Мрачный шел я недавно среди мертвенно-бледных сумерек, --
мрачный и суровый, со стиснутыми зубами. Уже не одно солнце
закатилось для меня.
Тропинка, капризно извивавшаяся между камнями, злобная,
одинокая, не желавшая ни травы, ни кустарника, -- эта горная
тропинка хрустела под упрямством ноги моей.
Безмолвно ступая среди насмешливого грохота камней, стирая
в прах камень, о который спотыкалась моя нога, -- так медленно
взбирался я вверх.
Вверх: наперекор духу, увлекавшему меня вниз, в пропасть,
-- духу тяжести, моему демону и смертельному врагу.
Вверх: хотя он сидел на мне, полукарлик, полукрот; хромой,
делая хромым и меня; вливая свинец в мои уши, свинцовые мысли в
мой мозг.
"О Заратустра, -- насмешливо отчеканил он, -- ты камень
мудрости! Как высоко вознесся ты, но каждый брошенный камень
должен -- упасть!
О Заратустра, ты камень мудрости, ты камень, пущенный
пращою, ты сокрушитель звезд! Как высоко вознесся ты, -- но
каждый брошенный камень должен -- упасть!
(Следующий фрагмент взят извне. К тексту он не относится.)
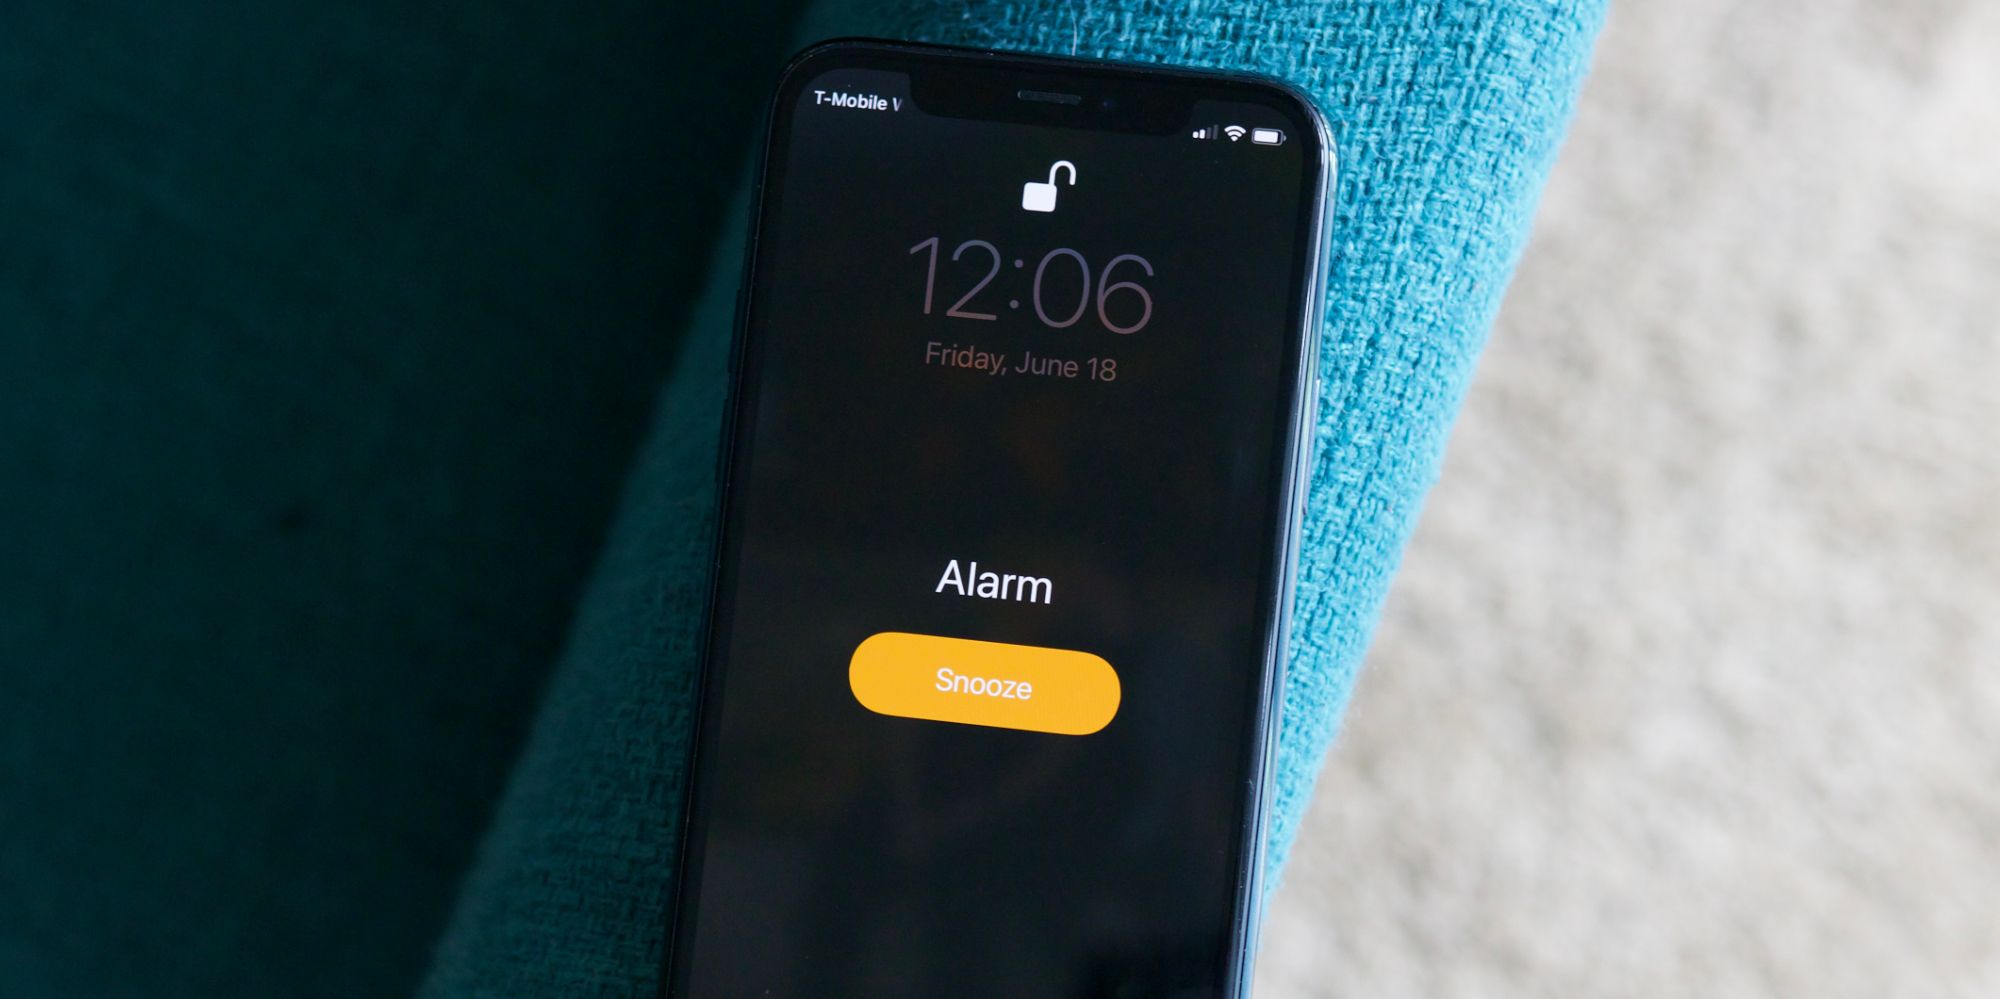 iPhone alarm with the snooze button

Приговоренный к самому себе и к побиению себя камнями: о
Заратустра, как далеко бросил ты камень, -- но на тебя
упадет он!"
Карлик умолк; и это длилось долго. Его молчание давило
меня; и поистине, вдвоем человек бывает более одиноким, чем
наедине с собою!
Я поднимался, я поднимался, я грезил, я думал, -- но все
давило меня. Я походил на больного, которого усыпляет тяжесть
страданий его, но которого снова будит от сна еще более тяжелый
сон. --
Но есть во мне нечто, что называю я мужеством: оно до сих
пор убивало во мне уныние. Это мужество заставило меня наконец
остановиться и сказать: "Карлик! Ты! Или я!" --
Мужество -- лучшее смертоносное оружие, -- мужество
нападающее: ибо в каждом нападении есть победная музыка.
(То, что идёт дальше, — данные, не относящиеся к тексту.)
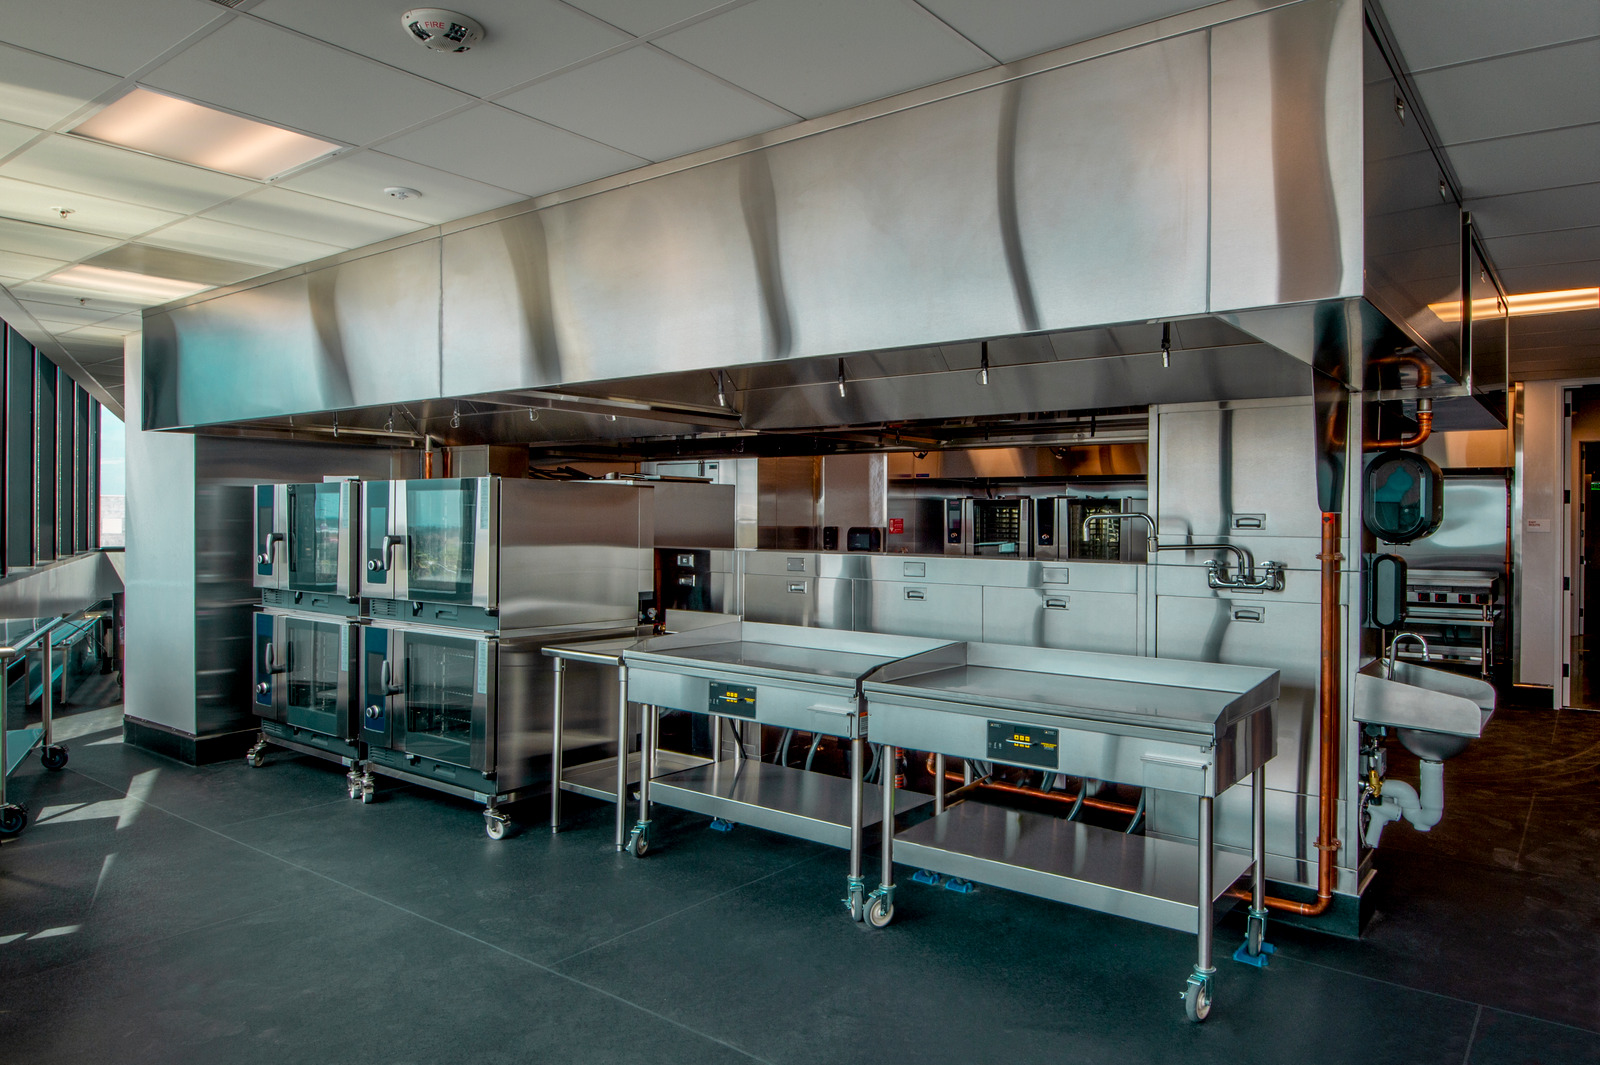 A fully equipped restaurant kitchen

Человек же самое мужественное животное: этим победил он
всех животных. Победной музыкой преодолел он всякое страдание;
а человеческое страдание -- самое глубокое страдание.
Мужество побеждает даже головокружение на краю пропасти; а
где же человек не стоял бы на краю пропасти! Разве смотреть в
себя самого -- не значит смотреть в пропасть!
Мужество -- лучшее смертоносное оружие: мужество убивает
даже сострадание. Сострадание же есть наиболее глубокая
пропасть: ибо, насколько глубоко человек заглядывает в жизнь,
настолько глубоко заглядывает он и в страдание.
Мужество -- лучшее смертоносное оружие, -- мужество
нападающее: оно забивает даже смерть до смерти, ибо оно
говорит: "Так это была жизнь? Ну что ж! Еще раз!"
Но в этих словах громко звучит победная музыка. Имеющий
уши да слышит.

    2



"Стой, карлик! -- сказал я. -- Я! Или ты! Но я сильнейший
из нас двоих: ты не знаешь самой бездонной мысли моей!
Ее бремени -- ты не мог бы нести!"
Тут случилось то, что облегчило меня: назойливый карлик
спрыгнул с моих плеч! Съежившись, он сел на камень против меня.
Путь, где мы остановились, лежал через ворота.
"Взгляни на эти ворота, карлик! -- продолжал я. -- У них
два лица. Две дороги сходятся тут: по ним никто еще не проходил
до конца.
Этот длинный путь позади -- он тянется целую вечность. А
этот длинный путь впереди -- другая вечность.
Эти пути противоречат один другому, они сталкиваются
лбами, -- и именно здесь, у этих ворот, они сходятся вместе.
Название ворот написано вверху: "Мгновенье".
Но если кто-нибудь по ним пошел бы дальше -- и дальше все
и дальше, -- то думаешь ли, ты, карлик, что эти два пути себе
противоречили бы вечно?"
"Все прямое лжет, -- презрительно пробормотал карлик. --
Всякая истина крива, само время есть круг".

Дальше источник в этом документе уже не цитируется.